The treatment is symptomatic, with rest, heat, stretching, and strengthening. A properly designed program of physical therapy may help although it should be pain free. Even though there are unanswered questions regarding the etiology of these disorders, anti-inflammatory medication often relieves symptoms. Steroid injections may be helpful, but the patellar tendon should never be injected.

Arthroscopy

Arthroscopy is a valuable tool in the diagnosis and treatment of many disorders of the knee. It has also been used in the shoulder, elbow, hip, and ankle joint, but is most useful in problems of the knee. The procedure is safe and relatively minor with little morbidity. It is usually performed on an outpatient basis. Its diagnostic accuracy approaches 100%, and by using separate puncture holes of entrance, small instruments may be passed into the knee to perform a variety of functions. The most common are removal or repair of meniscus tears and removal of loose bodies. It is used to evaluate the knee of patients with Baker’s cyst to determine whether any intraarticular abnormality is present that may have caused the cyst to develop. In this case, the intraarticular problem might require treatment rather than the Baker’s cyst. Arthroscopic surgery is also frequently used to remove damaged articular cartilage from the patella in patients with chondromalacia, but the results in this condition are often inconsistent and unpredictable.

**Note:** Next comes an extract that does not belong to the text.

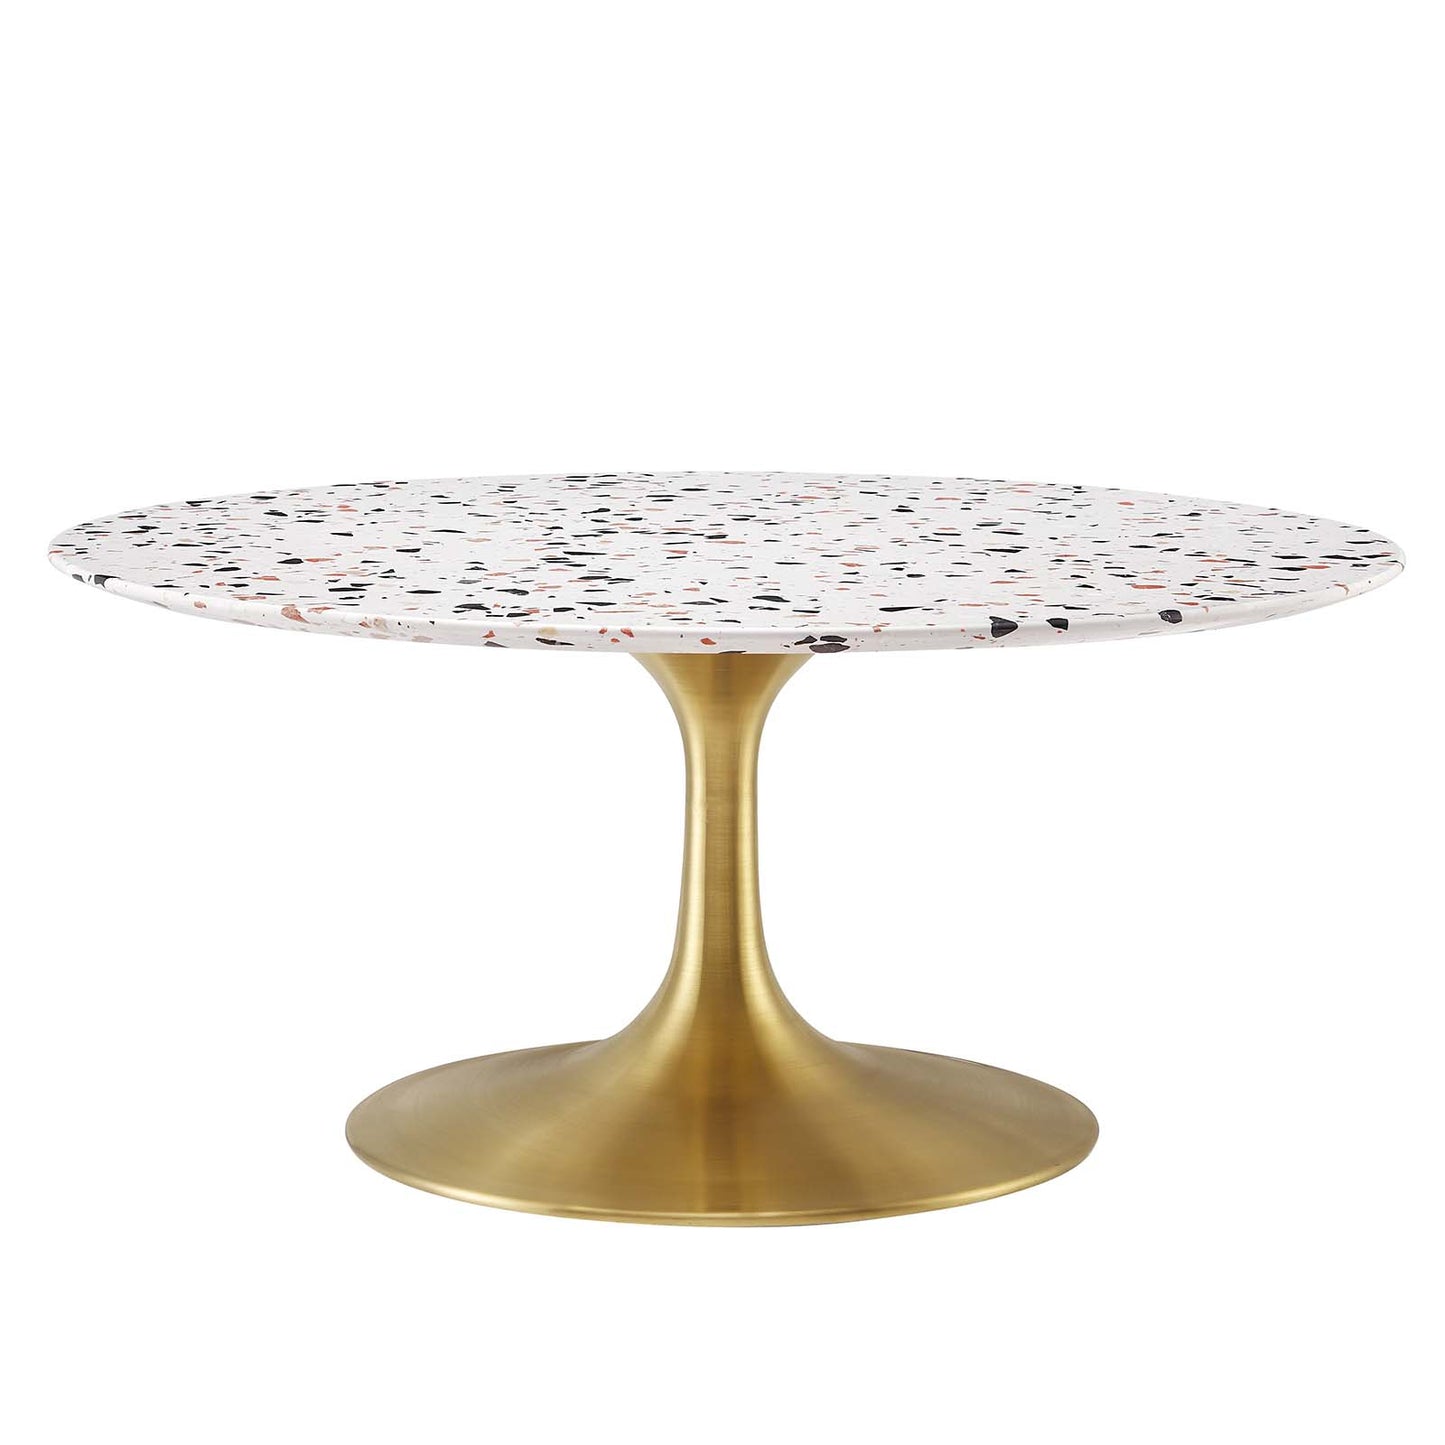 Lippa 36" Round Terrazzo Coffee Table Gold White EEI-5720-GLD-WHI

Diagnostic arthroscopy is also helpful in evaluating acute injuries of the knee to determine whether ligamentous repair may be necessary. It is also useful in difficult diagnostic problems in those symptomatic knees with vague symptoms and few physical findings.

Fractures of the Knee

Many fractures about the knee are intraarticular. They may occur through the femoral condyles or tibial plateaus. Open reduction with internal fixation is usually indicated if any displacement is present that would cause the articular surface to be irregular or lead to instability. Otherwise, traumatic arthritis may develop.

FRACTURES OF THE TIBIAL PLATEAU

A common fracture in the knee is an injury to the lateral tibial plateau (Fig. 11-36). This injury results from a force applied to the lateral aspect of the knee with the leg in the extended weight-bearing position. This is often caused by being struck by the bumper of a car. Undisplaced, impacted fractures are easily treated by a compression dressing and early motion with avoidance of weight bearing for 6 to 8 weeks. Displaced fractures require open reduction and internal fixation with elevation of the depressed plateau fragment.

FRACTURES OF THE PATELLA

Fractures of the patella are usually transverse and result from a fall onto the knee or a direct blow. They are classified as undisplaced or displaced (Fig. 11-37). Undisplaced (less than 8 mm) fractures are easily treated nonoperatively. A compression dressing followed by a removable splint may be all that is necessary in the conscientious patient. Otherwise, a cylinder cast or brace is applied and maintained for 5 to 6 weeks. This is followed by an active exercise program to restore strength and mobility.

Displaced fractures usually require surgery. Comminuted fragments are removed, and the patellar fracture and extensor mechanism of the knee are repaired.

Patellar fractures are not to be confused with a bipartite patella (Fig. 11-38). This is a developmental variant that is often bilateral and usually asymptomatic. It is most often located in the superolateral pole of the patella and represents failure of this ossification center to unite with the main patella.